Problem to solve —
Please, without any pictures, set down exactly the part of the listing below that opens with the line containing "Silver Wedge Shoes For Wedding" and closes with the line containing "silver Touch Ups".

Given records —
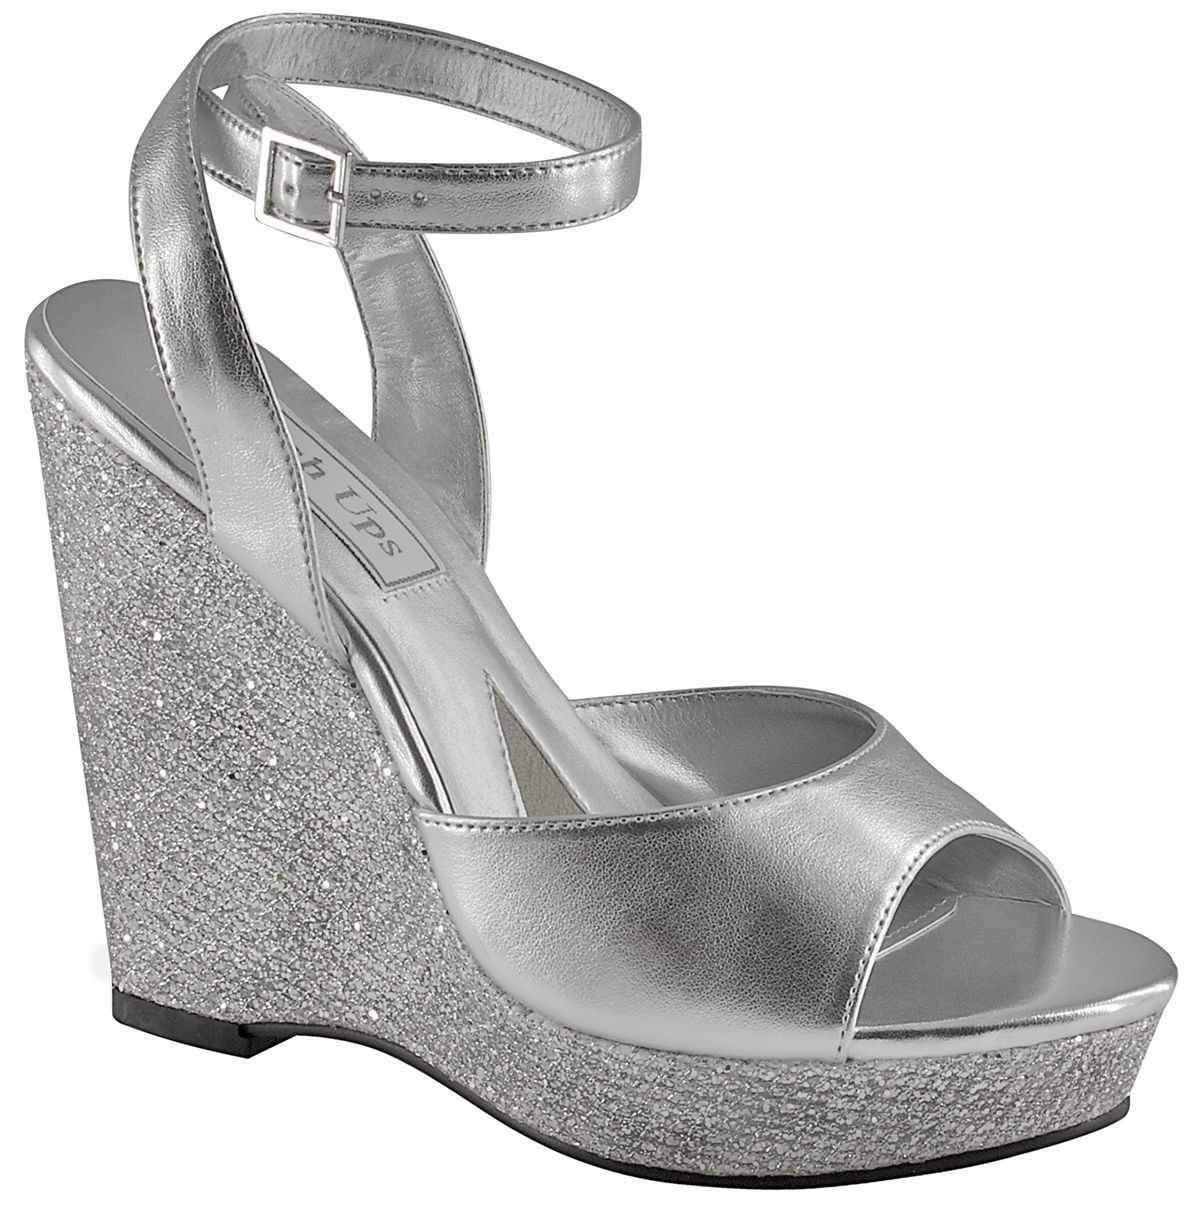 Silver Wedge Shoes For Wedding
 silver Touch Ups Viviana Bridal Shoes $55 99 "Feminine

...

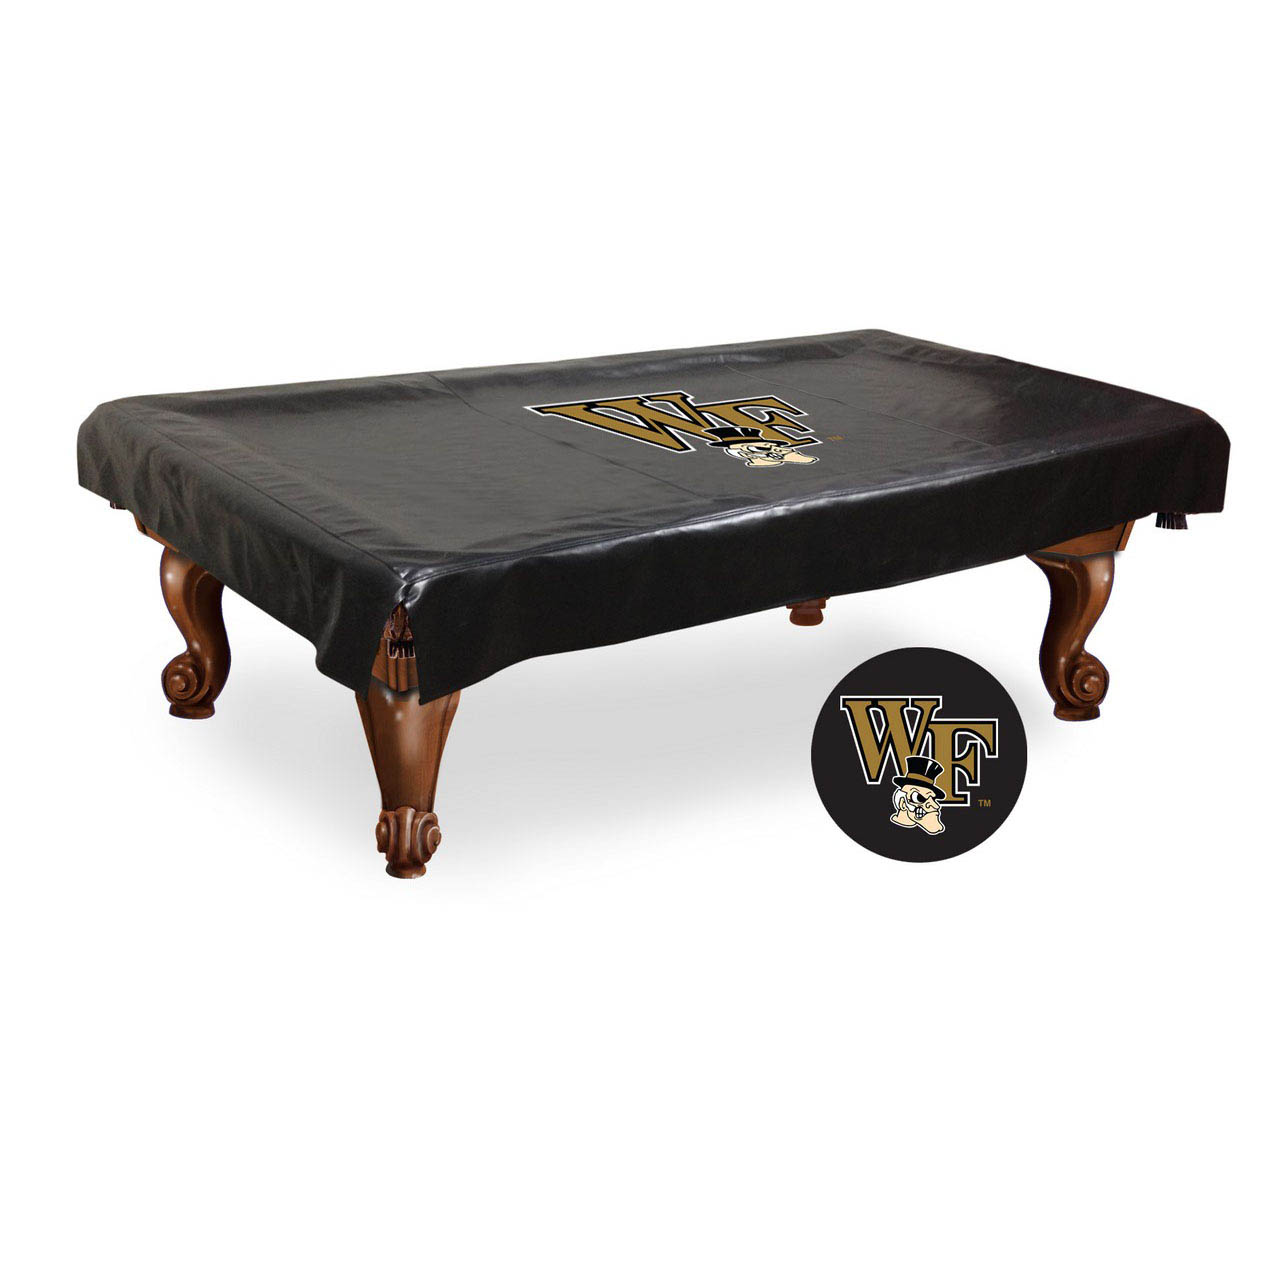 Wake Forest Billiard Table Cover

* * *

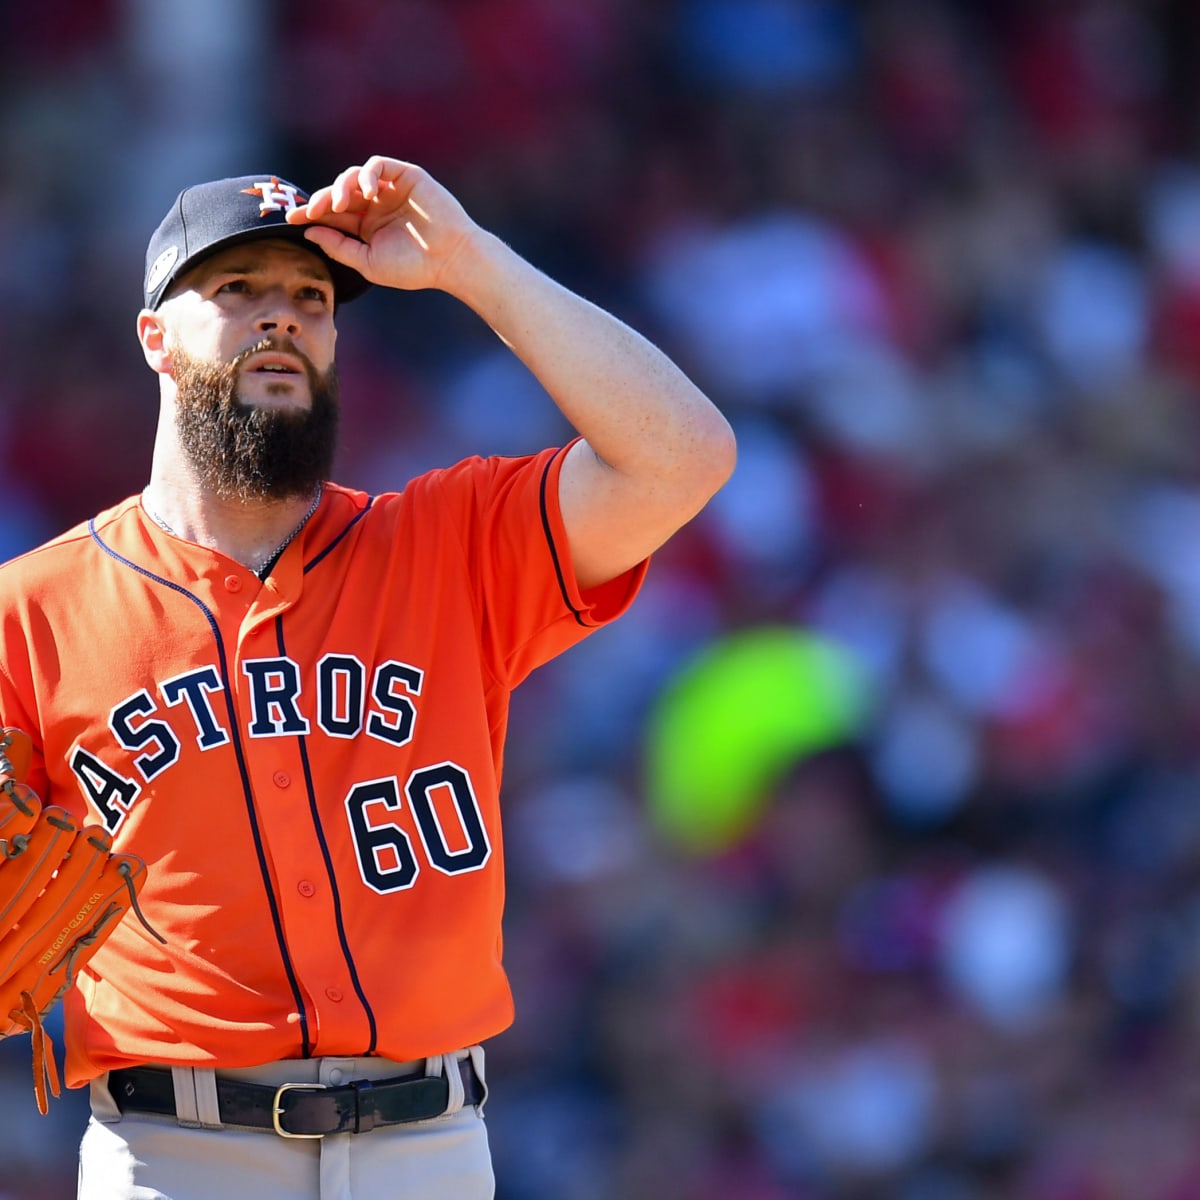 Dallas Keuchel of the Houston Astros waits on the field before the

Solution —
 Silver Wedge Shoes For Wedding
 silver Touch Ups Viviana Bridal Shoes $55 99 "Feminine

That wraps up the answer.